Я не стал ничего предпринимать – а какой смысл? Если та семья находилась у окна, а я уверен, что так и было, они умерли в тот момент, когда сдали доски. Я почти ничего не чувствовал, как при шоке. Зомби все лезли и лезли в окно, отпихивая друг друга, словно им больше ничего не надо. Даже когда комната заполнилась до предела, они все равно продолжали лезть, пока на лужайке их не осталось всего ничего, да и те толкались у окна.
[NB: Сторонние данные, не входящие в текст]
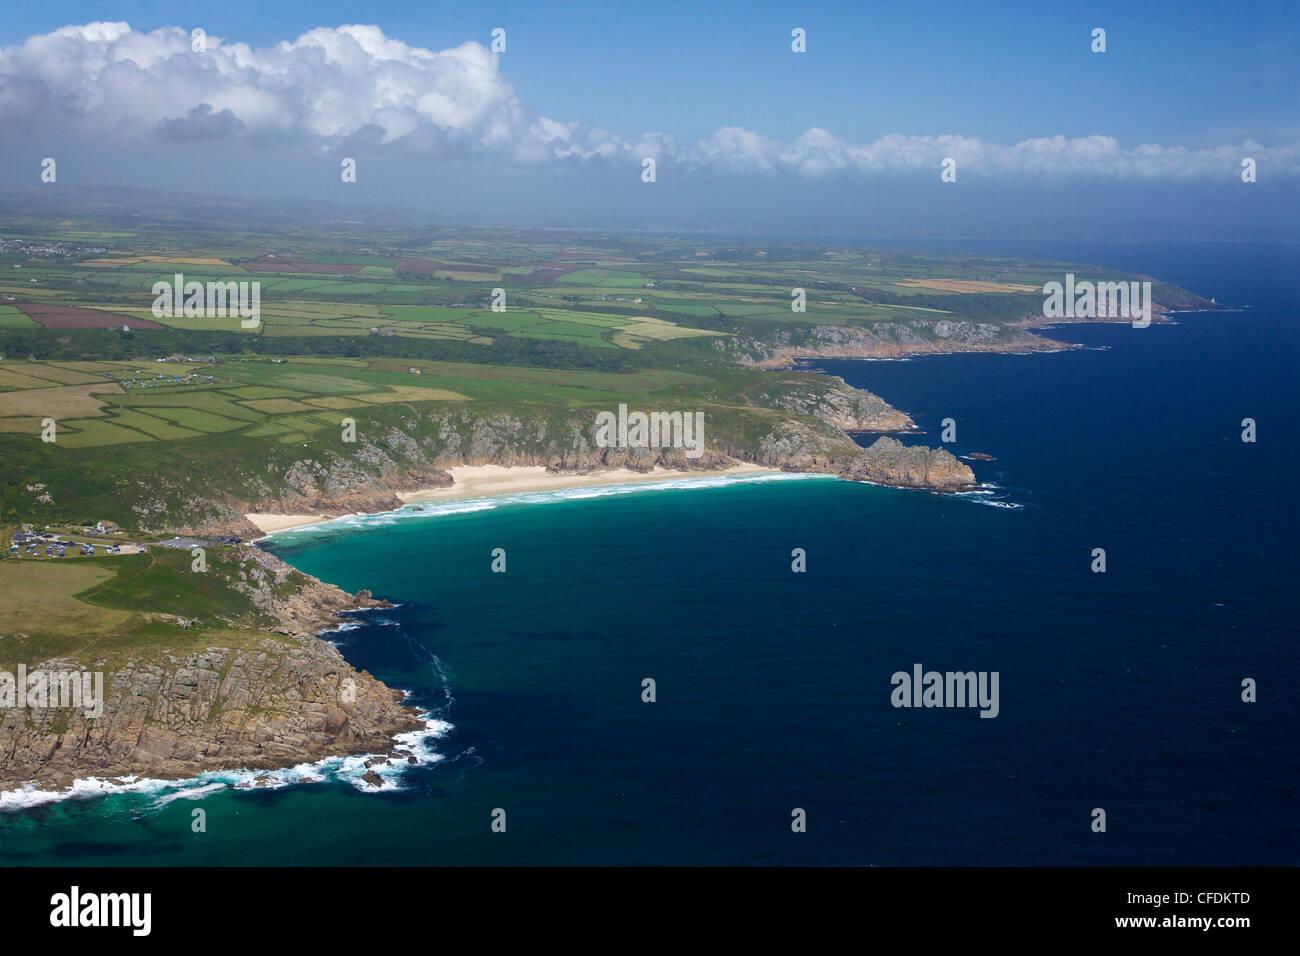 Luftaufnahme von Lands End Halbinsel, Treen Cliff, Logan Rock, West Penwith, Cornwall, England, UK Stockbild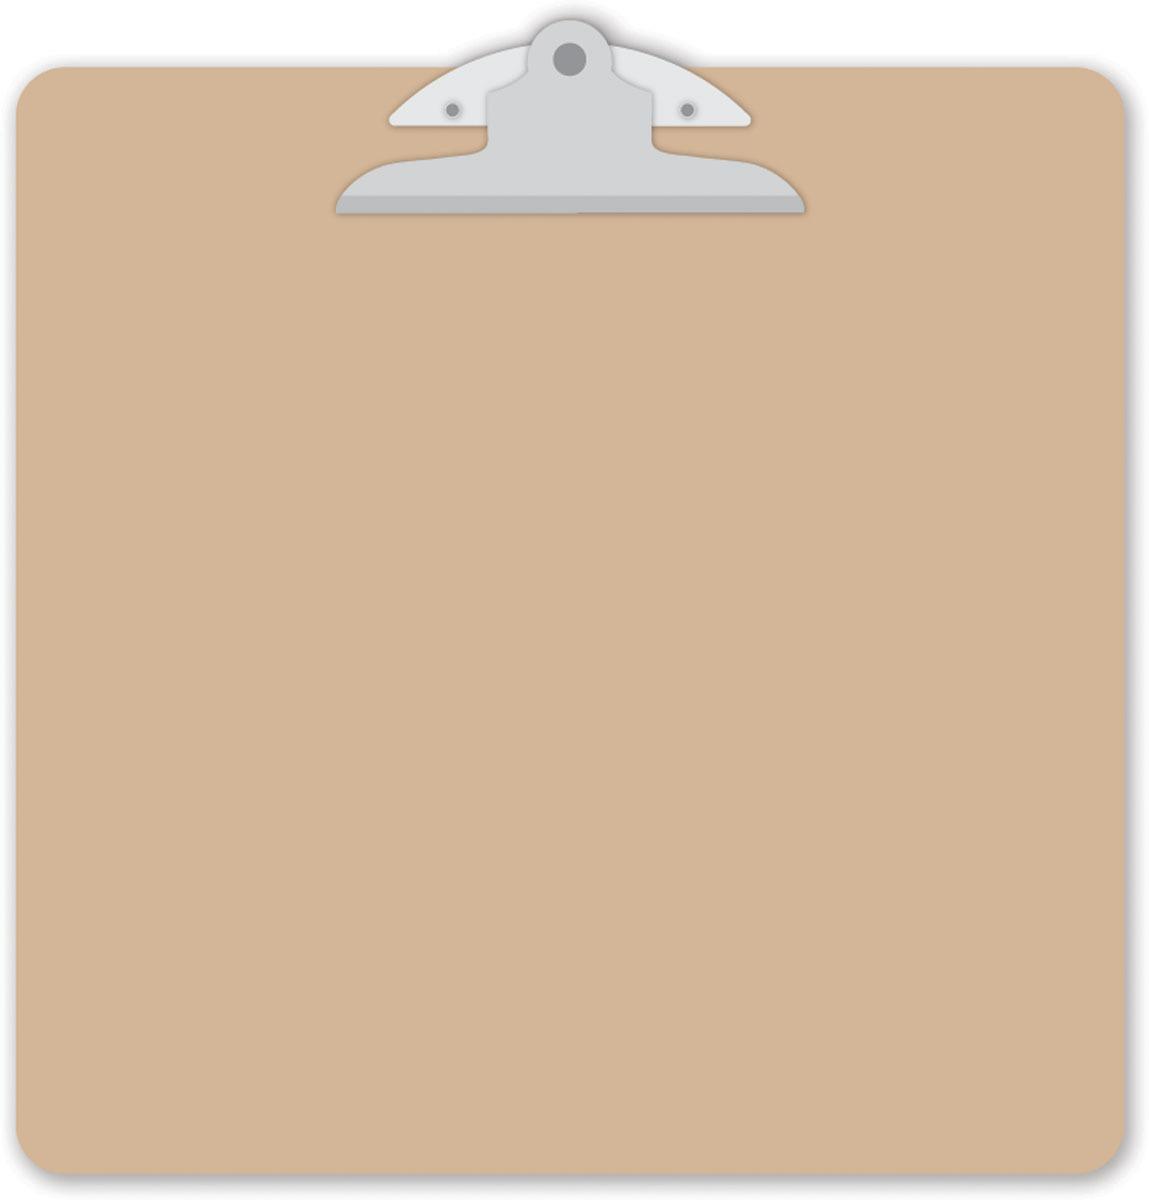 Clipart clipboard.

Стояла тишина – странная тишина, учитывая, что только что произошло, – но я даже не замечал ее, пока не раздался крик. И тогда, наоборот, странным показался звук, потому что я привык к тишине. Мне пришлось отложить винтовку, чтобы понять, откуда доносится крик. Кричали со второго этажа, с другой стороны дома – кричала дочка, девочка лет двенадцати. Должно быть, родители заперли ее в надежде, что там будет безопаснее. Она высунулась из окна и кричала; она не смотрела в мою сторону, и я даже не знал, догадывается ли она о моем присутствии, просит ли о помощи или просто кричит. Я ничего не мог для нее сделать. Если бы она спрыгнула на крышу веранды, а с нее на дорогу, то я мог бы ей помочь, но как дать ей знать? Я снова поднял винтовку. Не знаю зачем – может, я хотел пристрелить несколько зомби, прежде чем они доберутся до нее, или облегчить судьбу девочки. Думаю, так мне и следовало поступить; не знаю, пришло мне тогда это в голову или нет. Это трудное решение.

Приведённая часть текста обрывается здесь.